Monday, July 09, 2012
Let's start the week off on a sweet note. I had half a small pumpkin in the fridge for almost too many days and announced I'd make pumpkin and lentil soup. "Why don't you turn it into pumpkin pie?" asked Pete. Hmmmm. Ok. I've never really been sold on pumpkin pie. It's a textural thing.
I was willing though to give it a go and hopefully create a new family favorite.
So, I scoured the net and my cookbook collection for pumpkin pie recipes. I took what I liked from each of them, plussed and minused ingredients here and there and...ta da! Pumpkin pie, sweet and spicy. I've decided that really, pumpkin pie is just like a custard tart only orange.
When I pulled it out of the oven and admired the golden caramel looking top I wished I'd had pecans to press into the smooth finish, they would have been a nice touch visually and added some much needed crunch to custardy texture.
As far as sweet pies and recipes go I am very happy with the outcome of this one. My family though were not. Knowing it was made with pumpkin River wouldn't even try it. Sol spat it out and Peter after eating a generous serve suggested I "donate the rest to the op shop". I do love his humour. Last I checked our local op shop wasn't accepting perishable food items, home made with love or otherwise.
Perhaps northern hemisphere readers, where pumpkin pie originates, may enjoy this recipe. Just because my family weren't keen, perhaps it will become a new family favorite in your house.
Oh and if you are phobic about making your own pastry give it a go. You really do get a feel for it after a few goes and nothing beats the satisfaction of getting better at it.
Enjoy! And let me know if it gets the thumbs up or down.

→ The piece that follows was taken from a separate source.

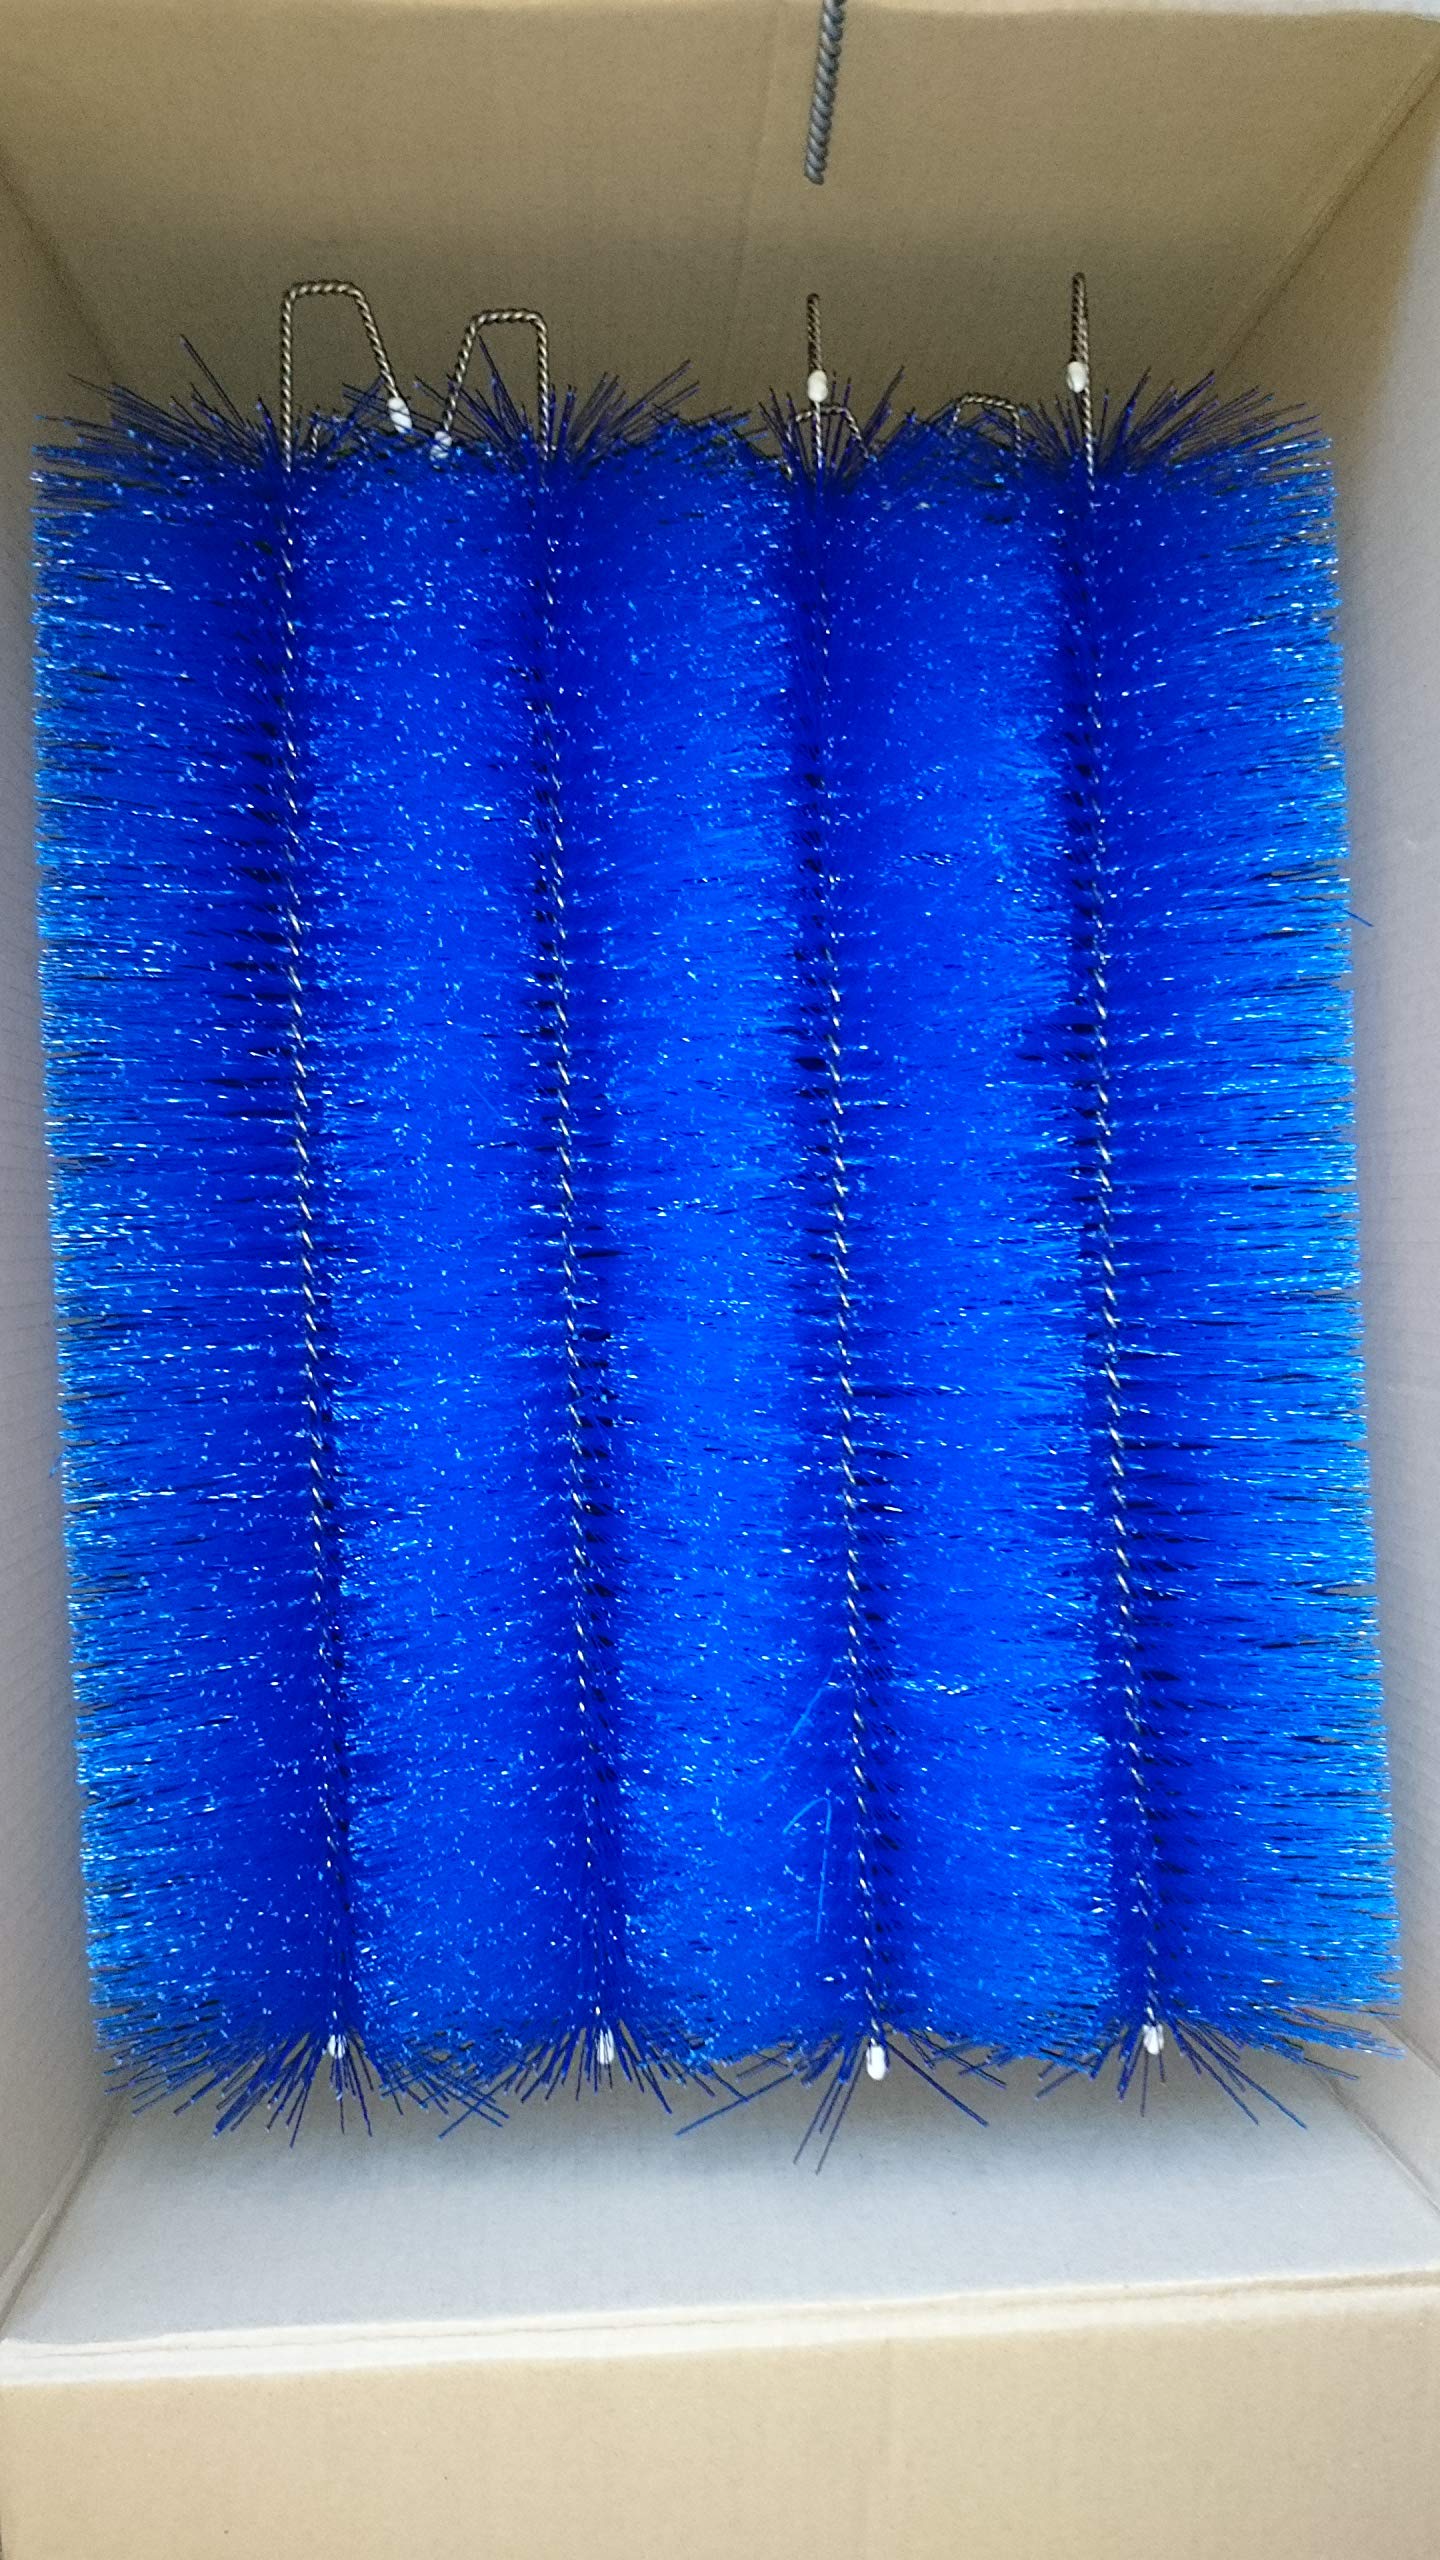 GLAMAT Filterbürsten Blau 80 cm Ø 150mm x 24 STK. (121,09 € inkl. Lieferung) Gartenteich, Filter, Filterbürste, Teichfilter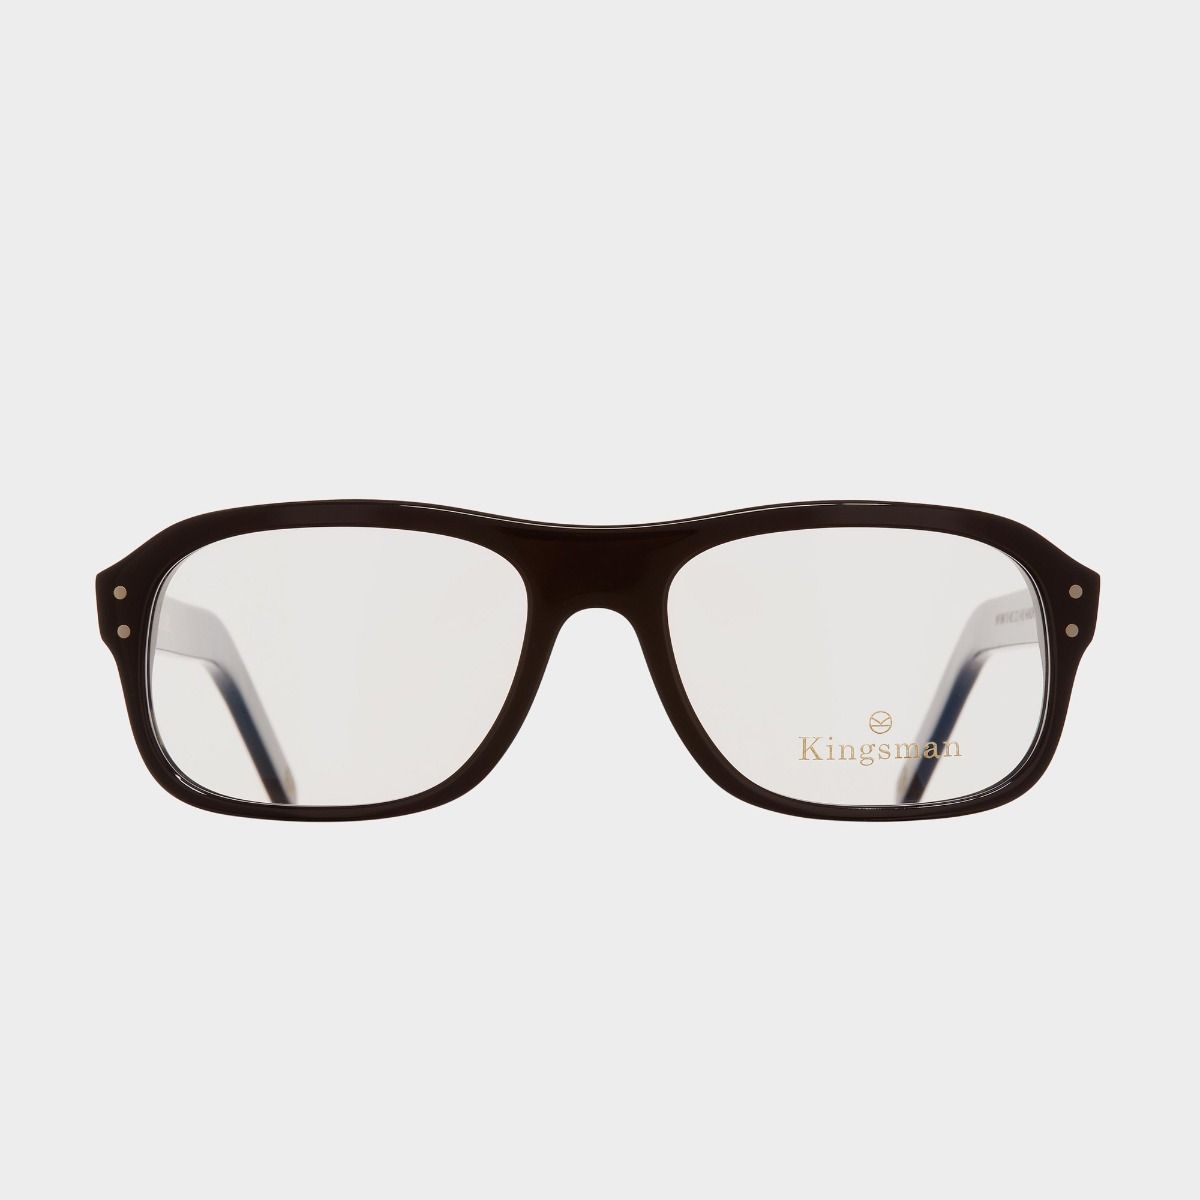 Cutler and Gross, 0847V2 Kingsman Optical Aviator Glasses - Black

2 cups flour (I use white spelt)
100 grams chilled butter cut into small cubes
1 egg yolk, whisked
a sprinkle of sugar (depends how sweet you like it, anywhere from a teaspoon to a tablespoon and if you've quit sugar you can use natvia stevia powder)
2-3 tbsp chilled water
1 tsp ground ginger
2 cups pureed pumpkin, cooled
1 tbsp honey
1 teaspoon cinnamon
1/2 teaspoon nutmeg
3 tbsp molasses brown sugar
4 tbsp plain yoghurt (most recipes use cream here which you could use 1/2 cup if you prefer)
1 tbsp flour
1/2 cup milk
Mix flour, ginger and sugar in a large mixing bowl and then rub butter in with your fingertips until it resembles fine breadcrumbs. Make a well in the centre and drizzle in egg yolk and add water 2 tablespoons first, then using a butter knife start to cut the water into the flour until it starts coming together in clumps, you will be able to tell here if you need to add more water, if it is coming together easily then keep going and don't worry about adding more but if it is looking very dry and crumbly and like there is no way all the flour will come together then add more water. Then using your hands lightly bring it together into a ball. And set it aside in the fridge to rest for an hour.
On a lightly floured surface roll out pastry and line pie dish. Line pastry with baking paper and fill with rice or pastry weights to bake blind at 190C for 10 minutes. Remove from oven and remove rice and baking paper. Return pie case to oven, reduce temperature to 170C and bake for a further 10-15 minutes or until base is crisp.
In a mixing bowl combine pumpkin, spices (you can use any combo and amount you like ie. more cinnamon, no nutmeg, cloves, ginger, whatever your tastebuds like), sugar, honey, yoghurt, flour and milk. Last of all mix in eggs.
Pour filling into prepared pastry case and bake in oven at 180C for 35-45 minutes until set and golden.
Can be served warm or cold. If you're feeling totally decadent, one recipe I looked at suggested it be served with cream whipped with a dash of maple syrup.